Every November, a meteor shower boasts its spectacular view as Earth crosses the orbital path of Comet 55P/Tempel-Tuttle. When its debris enters the atmosphere, it vaporizes and showers bright particles called the Leonid meteor shower. As an annual occurrence, it is expected to be seen brightly as the peak of the shower will appear between midnight and dawn on Nov. 18.
The term Leonid was coined because the meteor shower's radiant, or the point in the sky where meteors emerge, lies in the constellation Leo. Fortunately, the shower can be see on both hemispheres but may be more distinct in the Northern hemisphere. Though it may not be as bright as the fireballs which occurred in the last Taurid shower, it can still put on a beautiful view as an average of 15 meteors per hour are expected to be seen.
Stargazers are surely asking where the best place is to witness this month's shower. Experts say that Leonid showers can be seen almost anywhere. However, they recommend watching the shower in areas where the surroundings are dark at night and where there are no city lights which may interfere with the brightness of the meteors. Viewers in the country may find it difficult to look for the best spot to watch on due to rough weather conditions.
"A large storm system is expected to encompass most of the United States in cloud cover for the middle of the week," said Dave Samuhel, AccuWeather Meteorologist.
Residents from the areas like Ohio, Mississippi and the Northwest will be under poor viewing conditions. Meanwhile, good viewing conditions will be experienced in areas like Southern California because of clear skies. For viewers expecting a cloudy sky or bad weather on the said date, a live broadcast of the meteor shower will be available via Slooh starting at 8:00 p.m. EST on Nov. 17.
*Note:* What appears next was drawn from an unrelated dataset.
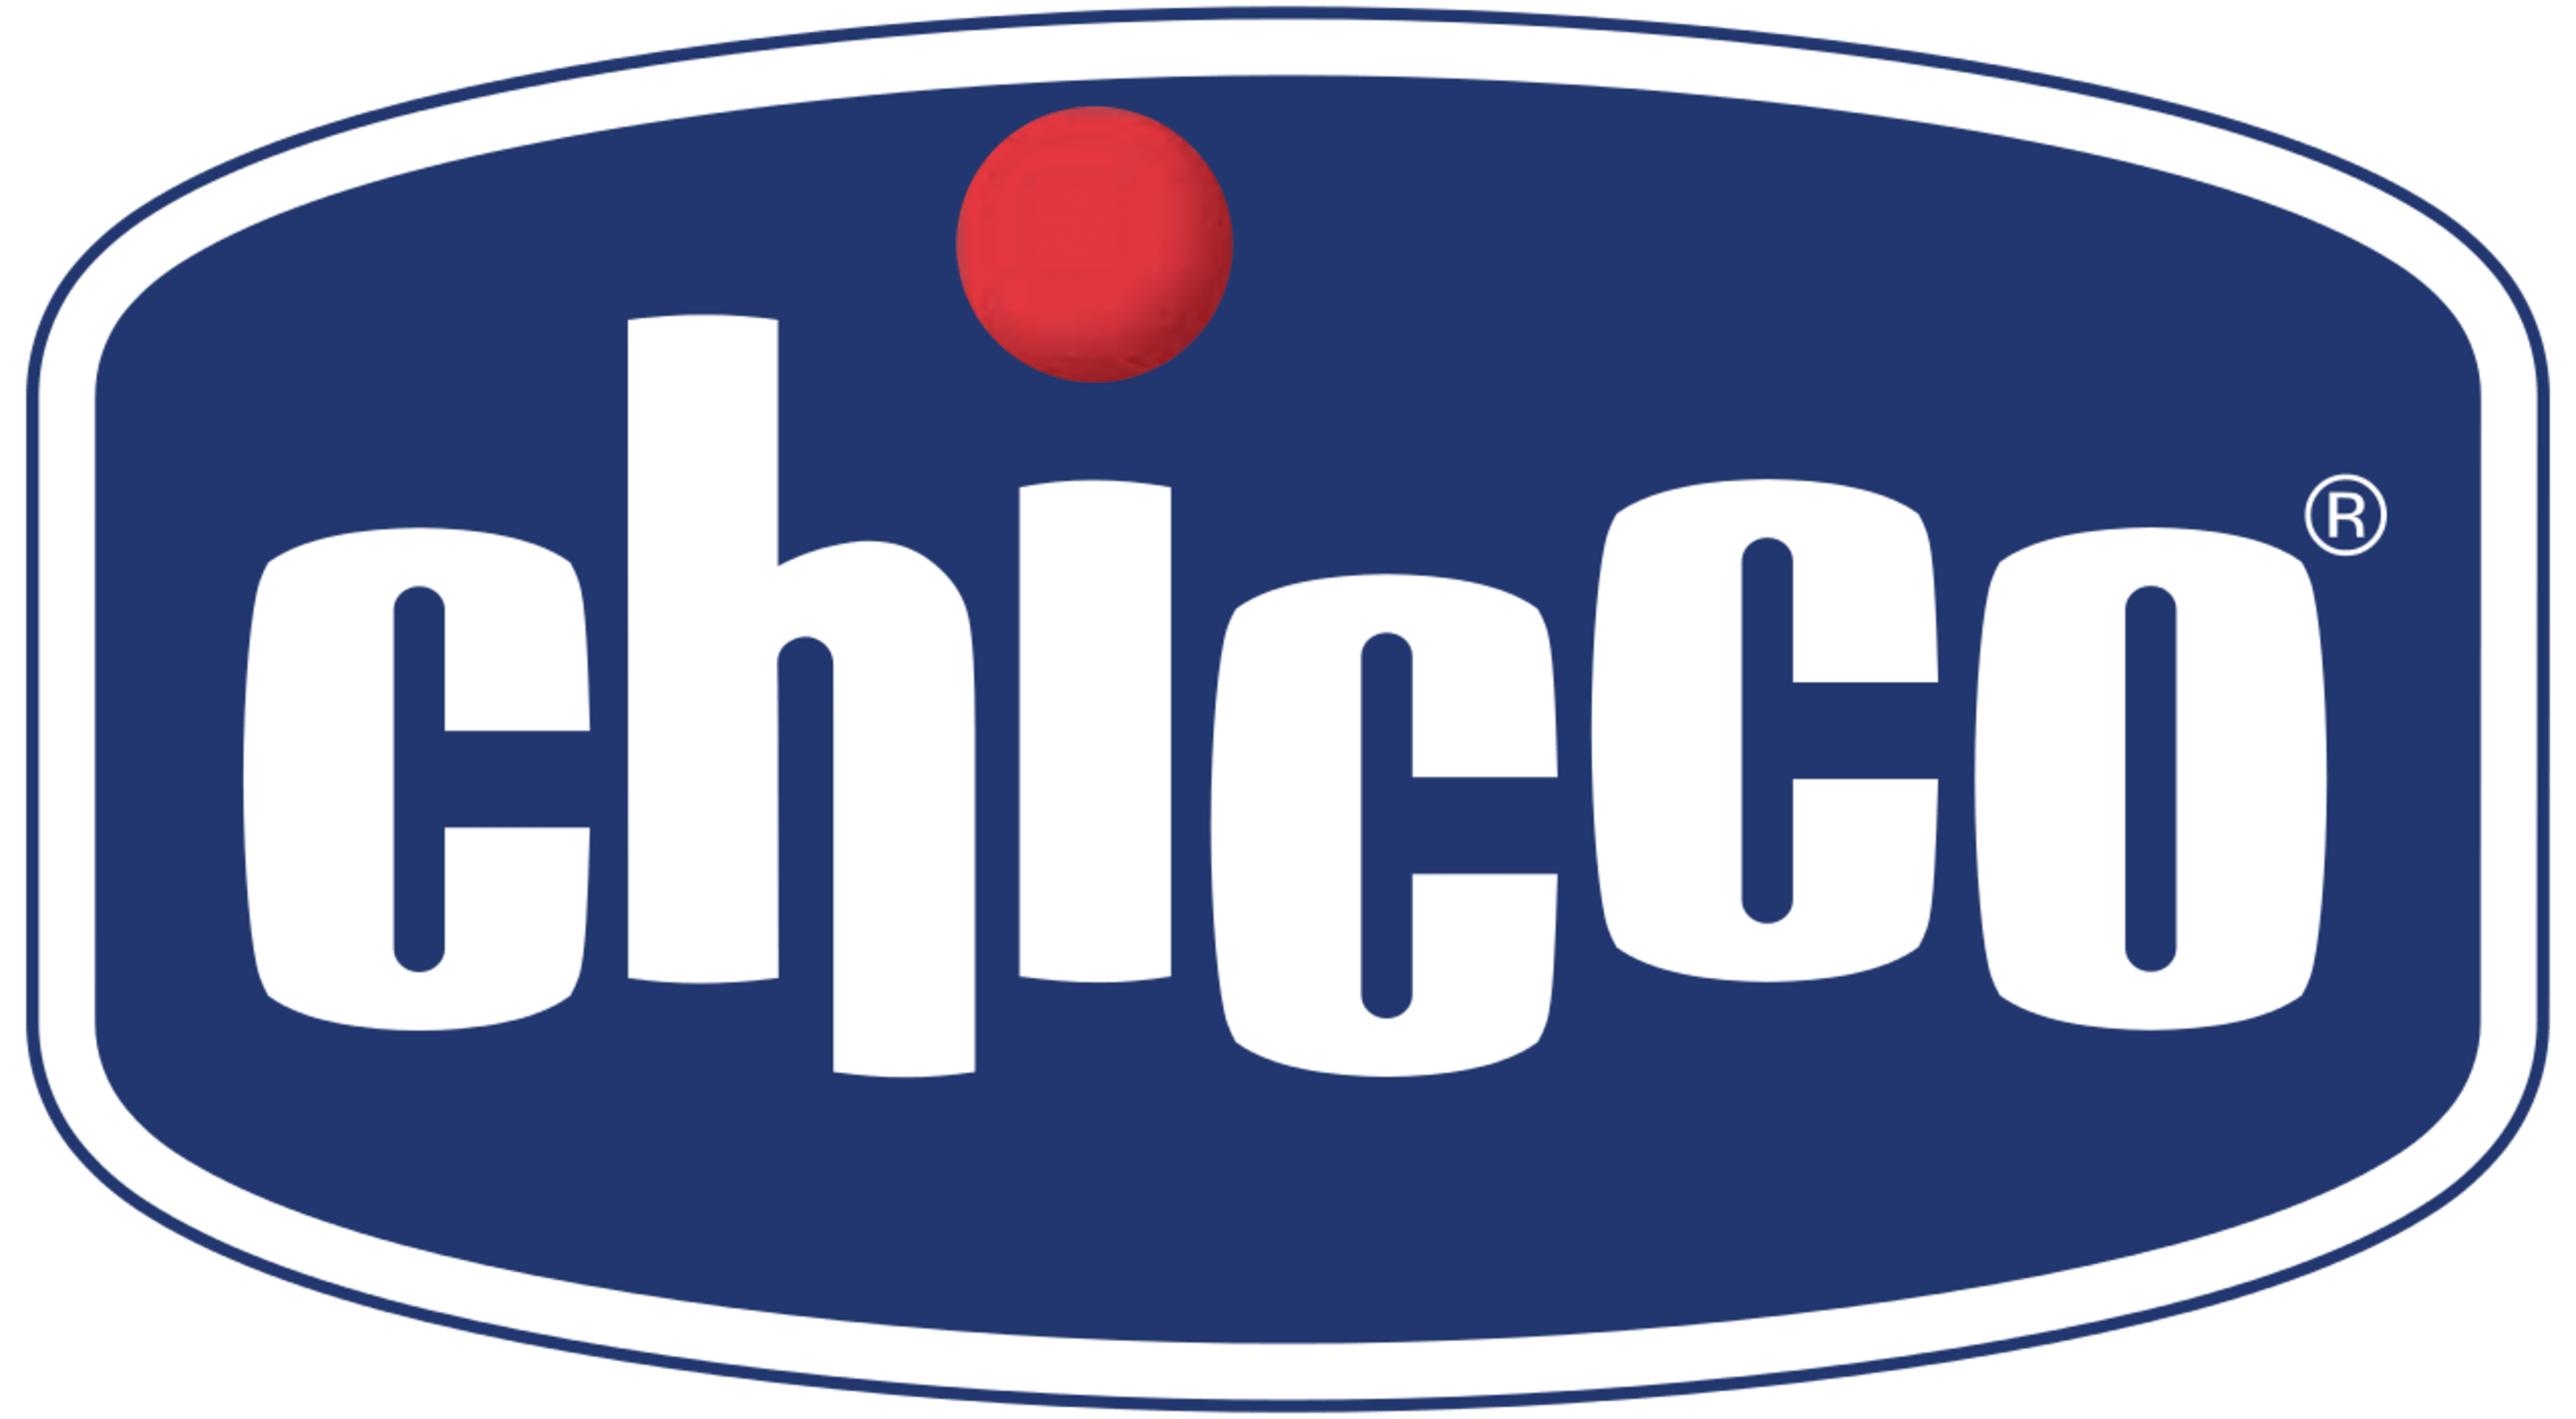 ChiccoCode

The Leonid shower is famous for producing meteor storms. However, it is not expected to happen this year. Comet 55P/Tempel-Tuttle completes a single orbit around the sun once in approximately 33 years. In 1833, Noth America witnessed one of the biggest meteor storms with as much as 100,000 meteors every hour during the whole show. In 1866 and 1867, another meteor storm occurred.
Every 33 years after that, no meteor storms emerged until 1966 when the Leonid meteor storm produced 40 to 50 meteors per second. Fortunately, there is no need for any special equipment to witness the spectacular meteor shower.